### EXERCISE DESCRIPTION:
Go to the line containing "ЭБУ Haltech Platinum Sprint 500" in the material below. From there to the end, retype every line exactly and drop the pictures.

### EXERCISE DATA:
■ ■ ■ ■ ■ ■ ■

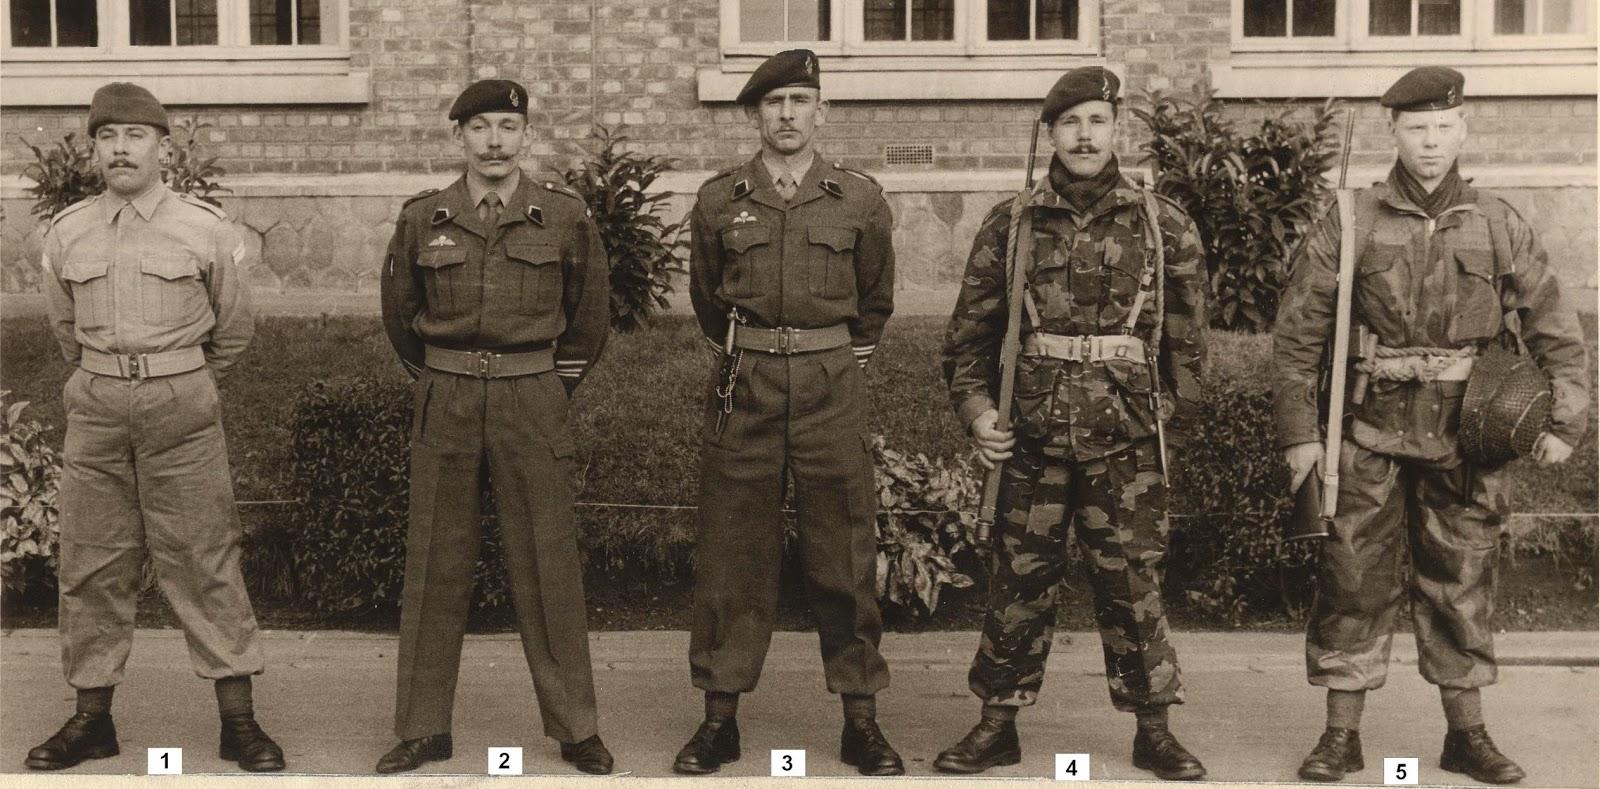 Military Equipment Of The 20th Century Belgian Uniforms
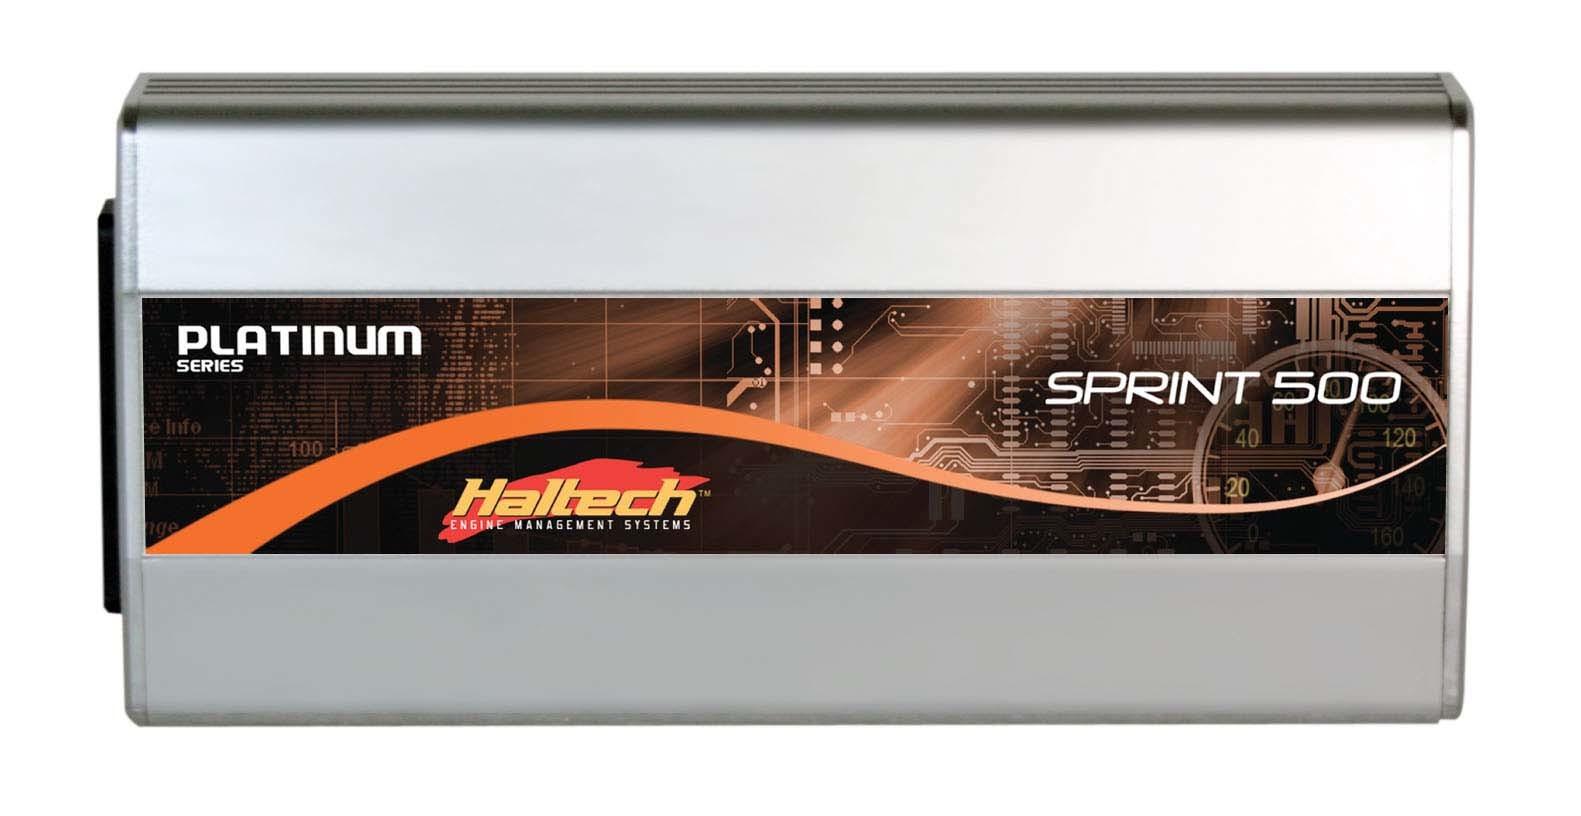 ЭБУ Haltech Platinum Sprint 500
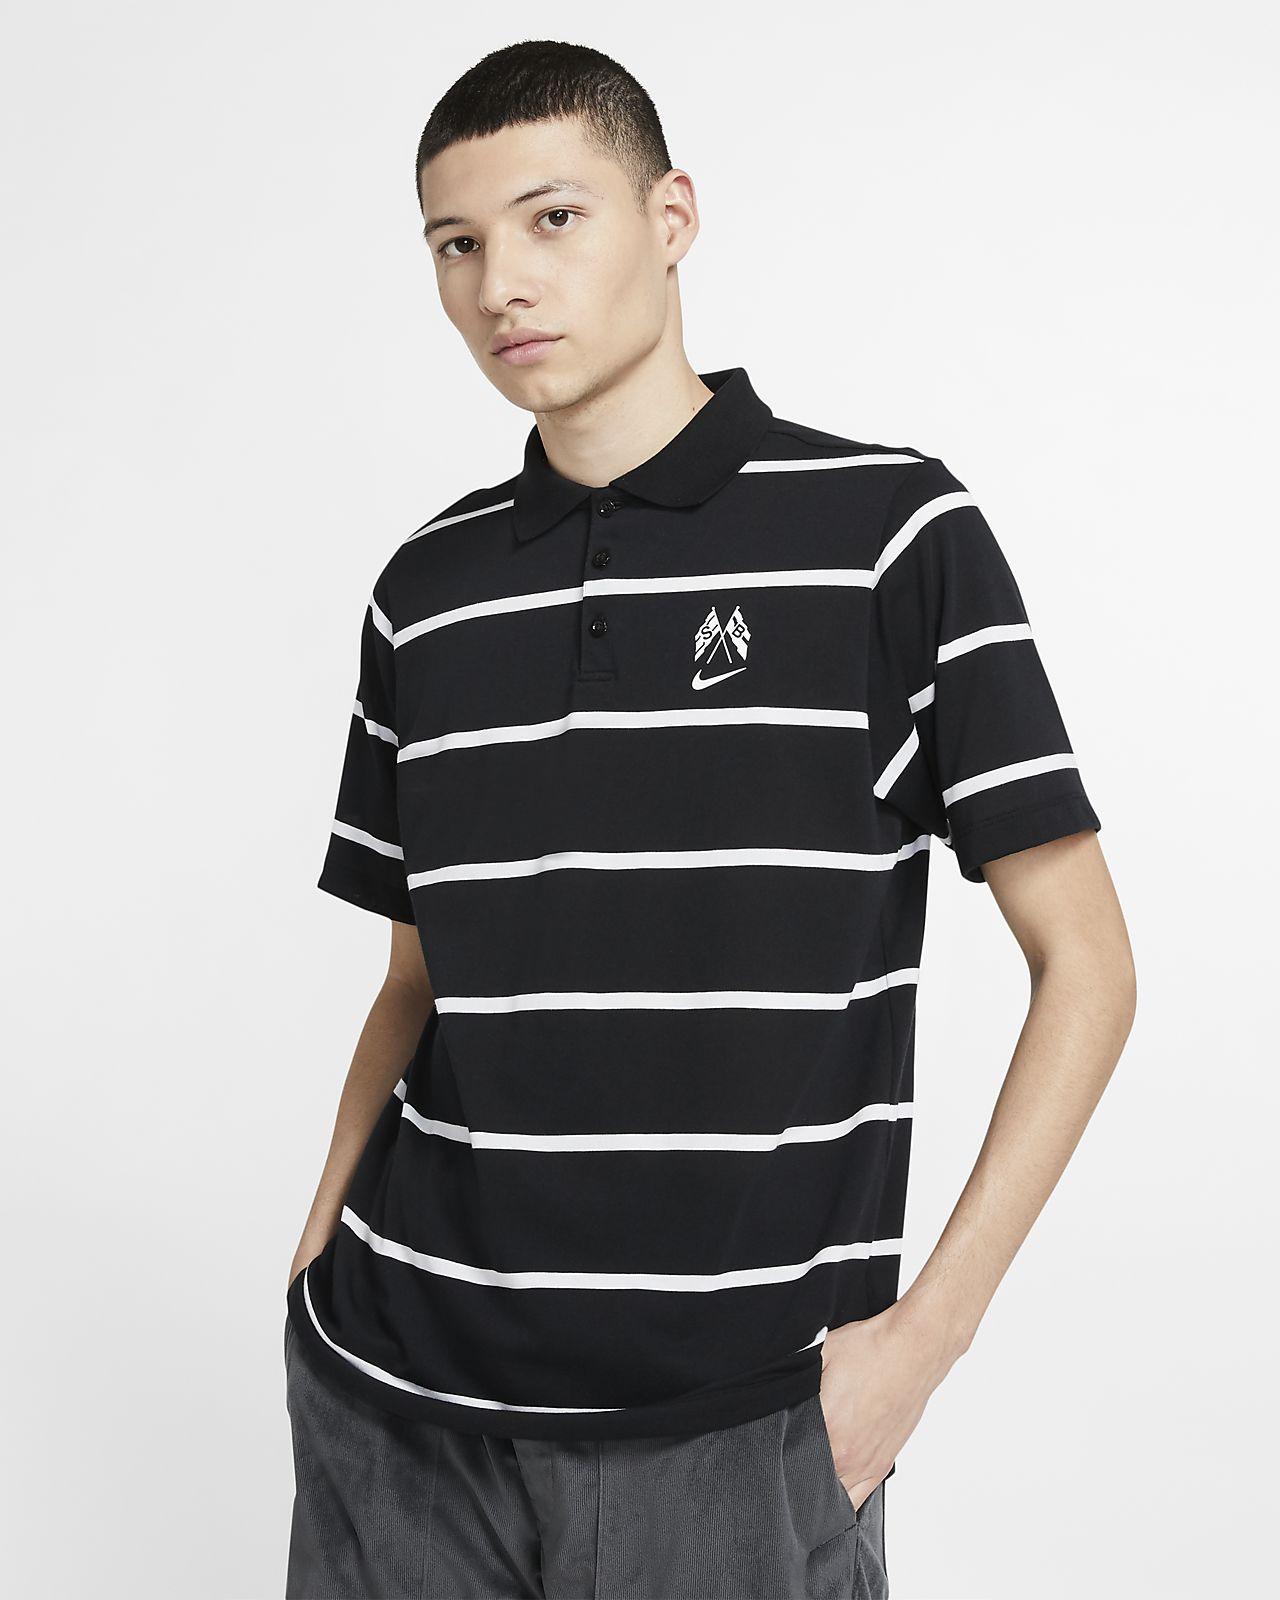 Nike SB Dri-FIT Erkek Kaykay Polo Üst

■ ■ ■ ■ ■ ■ ■

### WRITTEN RESPONSE:
 ЭБУ Haltech Platinum Sprint 500
 Nike SB Dri-FIT Erkek Kaykay Polo Üst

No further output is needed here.